And childish behavior
The behavior around the agency sank to an ultimate low when guys started faking crotch grabs on each other while walking the halls. That 7th-grade-level behavior was considered “funny” at the time. Forms of immaturity existed at every level of the organization. The President himself once challenged me by saying, “I can beat you at any sport that involves a ball.” That type of comment was not uncommon at all, especially because we were half-required to participate in agency-client basketball games on the President’s backyard court. I was a good player that could nearly dunk even into my late 30s. By contrast, the ball-hog style of O’Rahilly was mostly pass-and-grunt stuff that made him feel like more than a big deal than he ever was.
Despite all the distractions, I concentrated hard on the work at hand and got involved in top-tier projects with Ameritech, one of our biggest non-automotive clients that would become SBC before evolving back into AT&T.
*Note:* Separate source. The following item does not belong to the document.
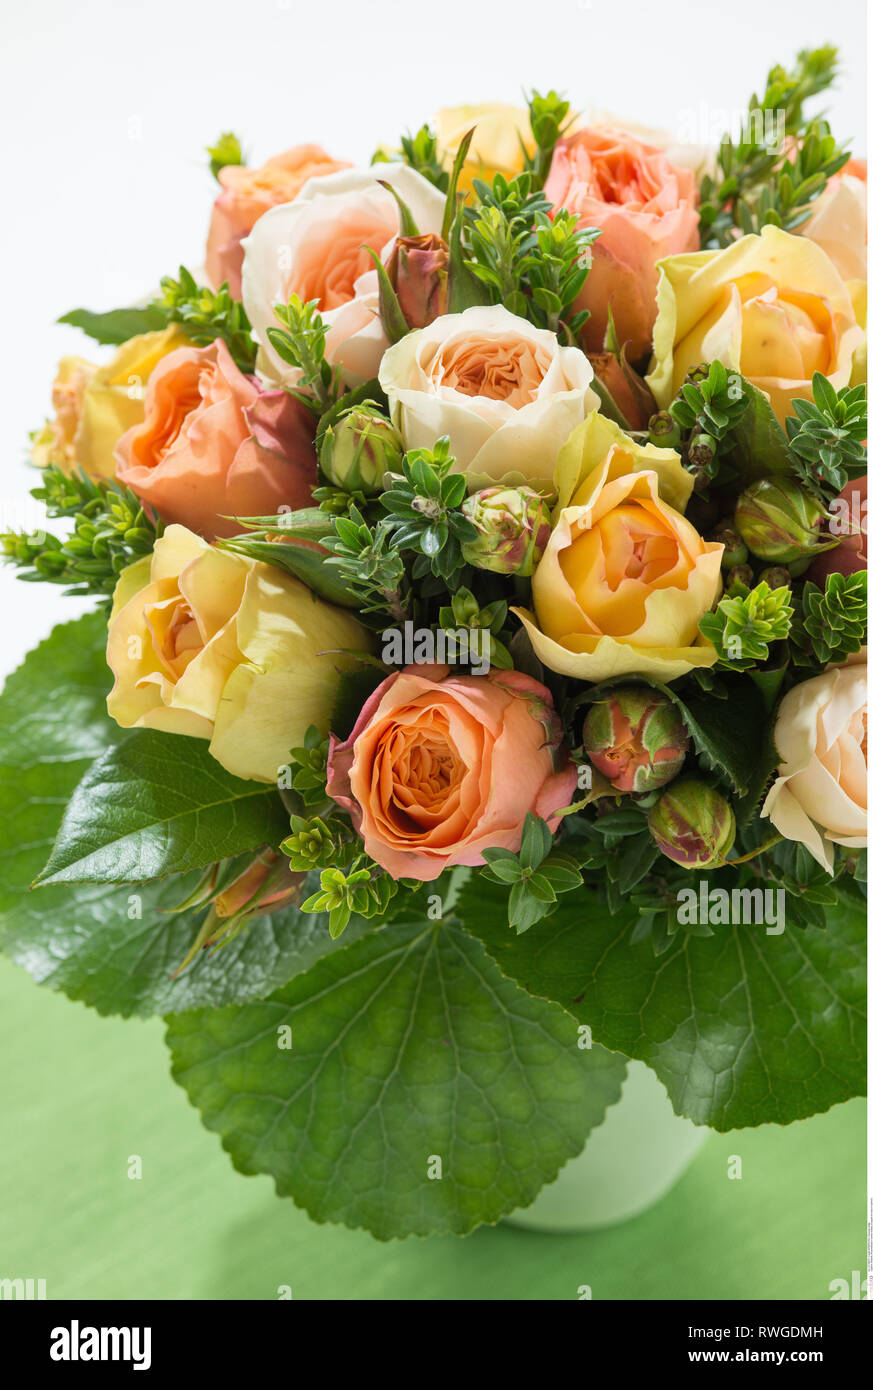 botany, bouquet of roses in salmon, Caution! For Greetingcard-Use / Postcard-Use In German Speaking Countries Certain Restrictions May Apply Stock Photo

One of those “big” projects was a muffed assignment by the Agency of Record, Ammirati/Purus/Linus. Our little direct response firm was given a crack at doing a national campaign for a new Ameritech product involving a complimentary CallerID offer. With only a couple days to craft the campaign, I came up with Two Big To Resist and the client loved it. When it went back to APL for production, they dumbed down the slogan to Too Big To Resist, which made no sense, but they did use the art idea I created with a tag to promote the offer. By then we’d been paid for our work, so Mr. Big was happy with the outcome. I’d made it happen on short order despite the inane over-processed interference of another Chris that had joined the organization and wanted to spend two whole days putting Post-It Notes on the wall to come up with the campaign. I hated the Post-It Notes technique because it wastes a shitload of time and seldom generates good work. So I retreated to my office, came up with the campaign, and brought it to Mr. Big. That’s what we used.
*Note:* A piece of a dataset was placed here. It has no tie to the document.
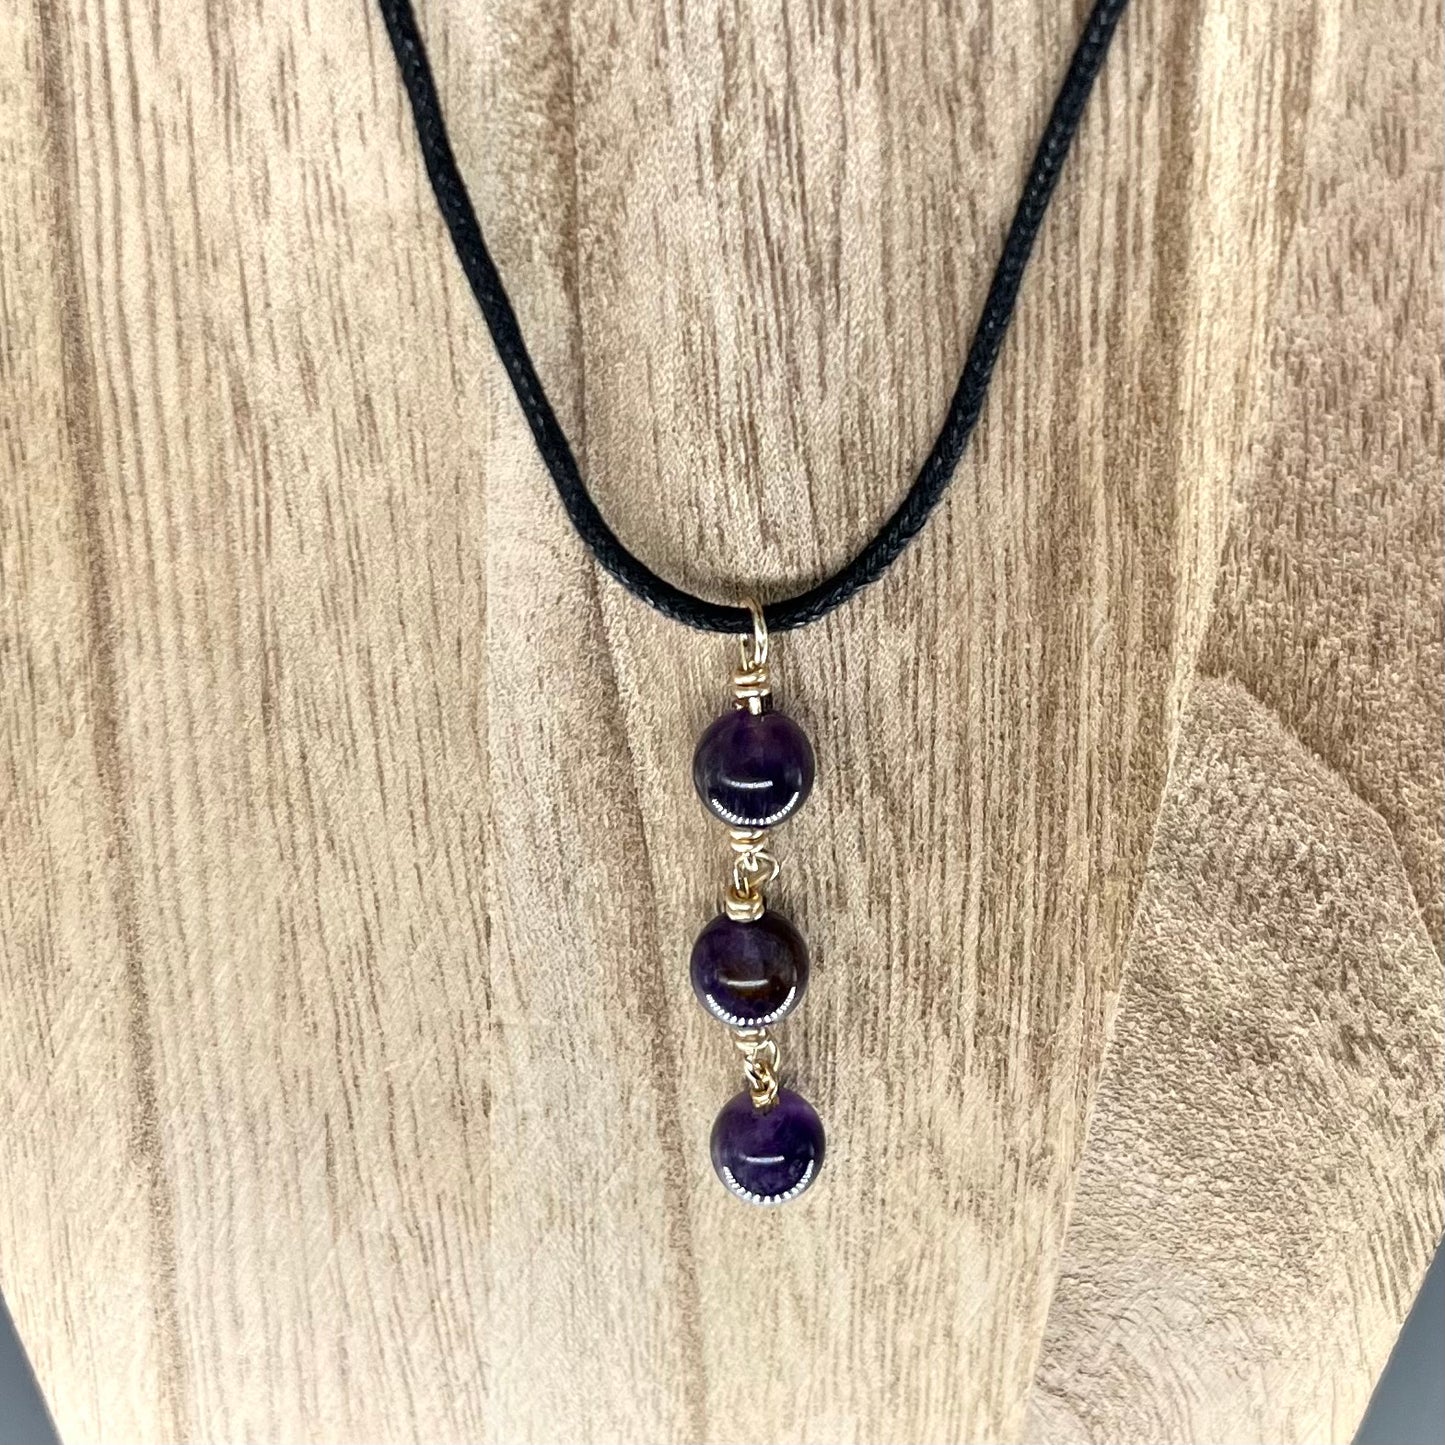 Amethyst Necklace on an Adjustable Black Cotton Cord

During that first year, I’d earned a reputation as a thinker within the organization. But it was a serendipitous encounter that earned me a new nickname. One day a salesman walked into the Creative Department and asked aloud, “How do you spell pterodactyl?” I immediately spelled it out for him as he wrote it down. Then he glanced up at me with an odd look on his face and asked, “What are you? Some kind of Professor?” That nickname stuck. From then on, I was The Professor.
So I was feeling confident overall and decided to press Mr. Big for a raise, telling him, “I’ve stepped up. I want a $10K raise.” He said, “You’re right,” and my salary was increased. Of course, that only raised my earnings to what was originally offered when I took the job. But I considered it a win anyway.
Meanwhile, one of my immediate bosses was the VP of Sales, Vince Marinelli. He was celebrating my contributions, giving me key assignments, and even told me, “You’re like #3 behind Mr. Big and Me.” My sorry admission is that I’d actually started to believe him. Some lessons can only be learned the hard way. The second year of my employment at CMI would prove to be filled with both success and harsh realizations.